> Is that not open enough for you?
I was trying to contrast with existing solutions—IRCCloud, for example, "solves" the problem of history search by effectively wrapping IRC into a proprietary web cloud service.
By an "open-ecosystem solution", I mean a solution that applies to anyone and everyone who uses the IRC protocol, rather than only for users of some specific client.
I'm not saying IRC isn't amenable to open-ecosystem solutions; I'm saying that nobody has (yet) tried to solve this problem in an open-ecosystem way.
> As opposed to...?
As opposed to network-operators being enabled to solve these problems for users of their networks.

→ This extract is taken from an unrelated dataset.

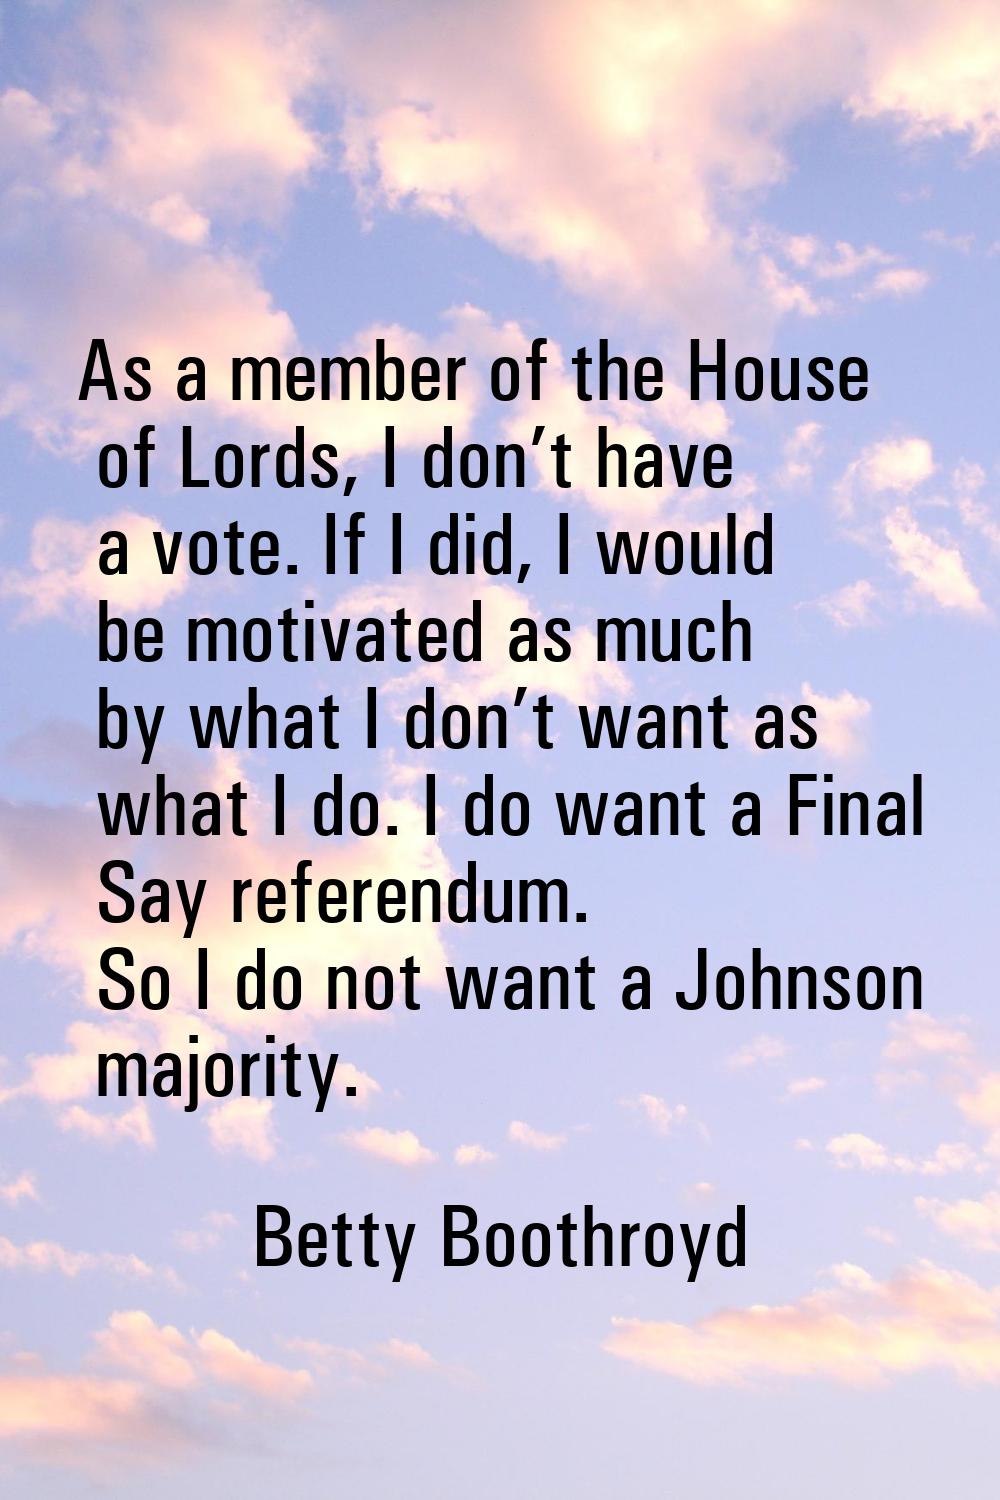 As a member of the House of Lords, I don’t have a vote. If I did, I would be motivated as much by w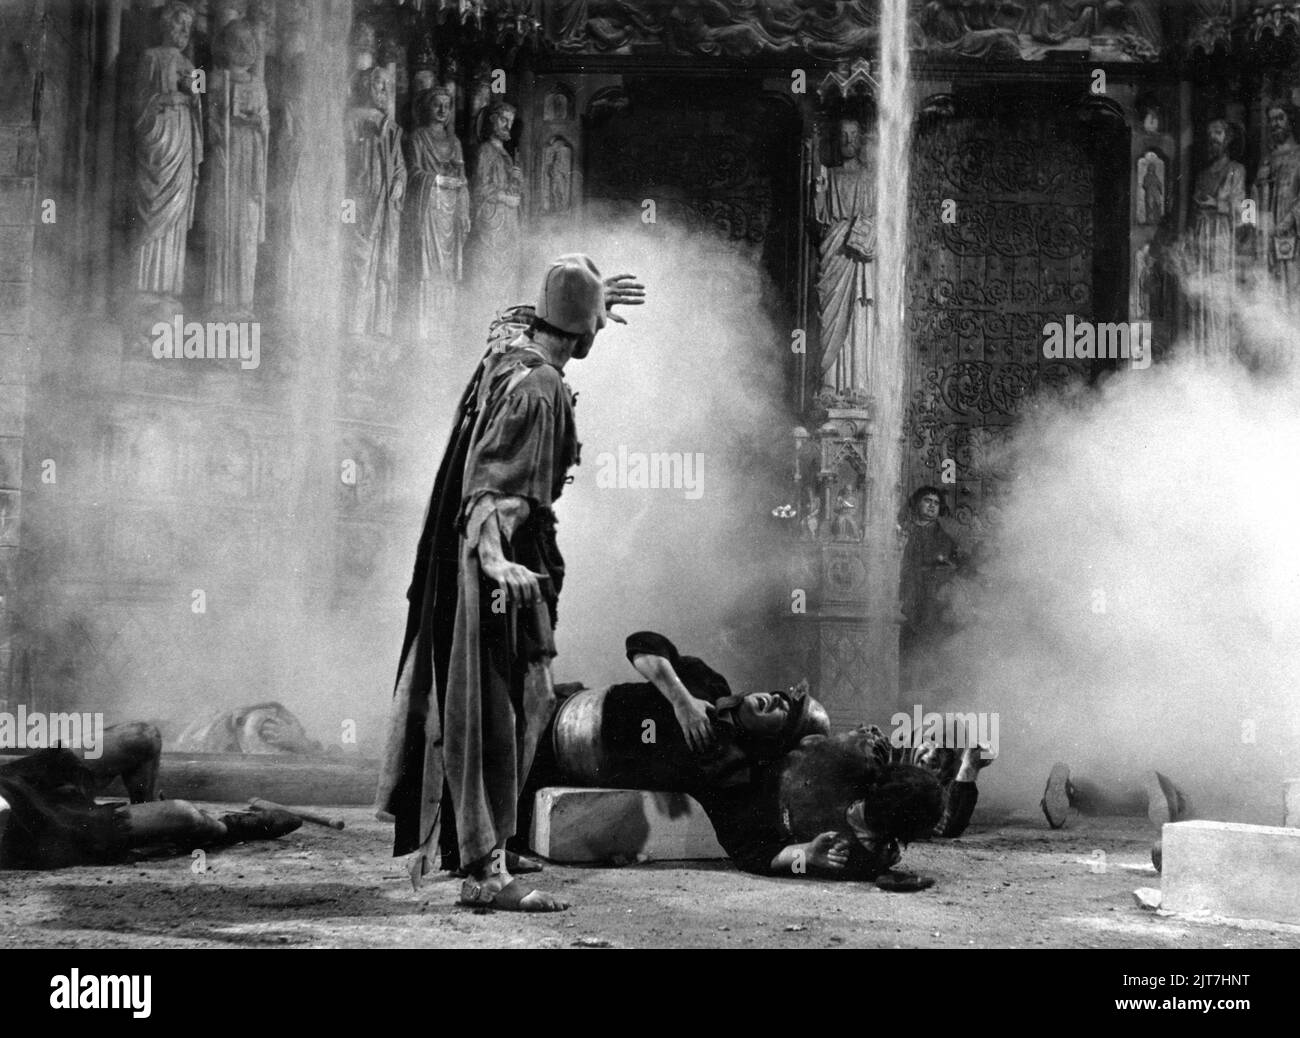 Steam from Molten Lead sprayed by Quasimodo onto Beggars outside the Cathedral in THE HUNCHBACK OF NOTRE DAME / NOTRE DAME DE PARIS 1956 director JEAN DELANNOY novel Victor Hugo adaptation / dialogue Jean Aurenche and Jacques Prevert music Georges Auric costume design Georges Benda production design Rene Renoux choreographer Leonid Massine producers Raymond and Robert Hakim France - Italy co-production Paris Film Productions / Panitalia Stock Photo

Consider the contrast of POP3 vs. IMAP. In POP3, the tasks of "email storage" and "email search" are left to the user, and often they'll solve them badly (by e.g. setting up direct POP3 connections from several devices to one POP3 account, ending up with random emails living only on one or another device, whichever one happened to pull them.) In IMAP, by contrast, email storage and indexing happen on the IMAP server, and users don't need to worry about it. But, since the solution doesn't involve any proprietary services, users can still "take control" of the process if they want—in this case, by setting up their own IMAP server. They just don't have to do that.
> You're free to write and propose your own RFCs and extend IRC however you wish.
I think we're in violent agreement about that. My point was that nobody seems to want to do that for the IRC ecosystem vis-a-vis network-level message archiving.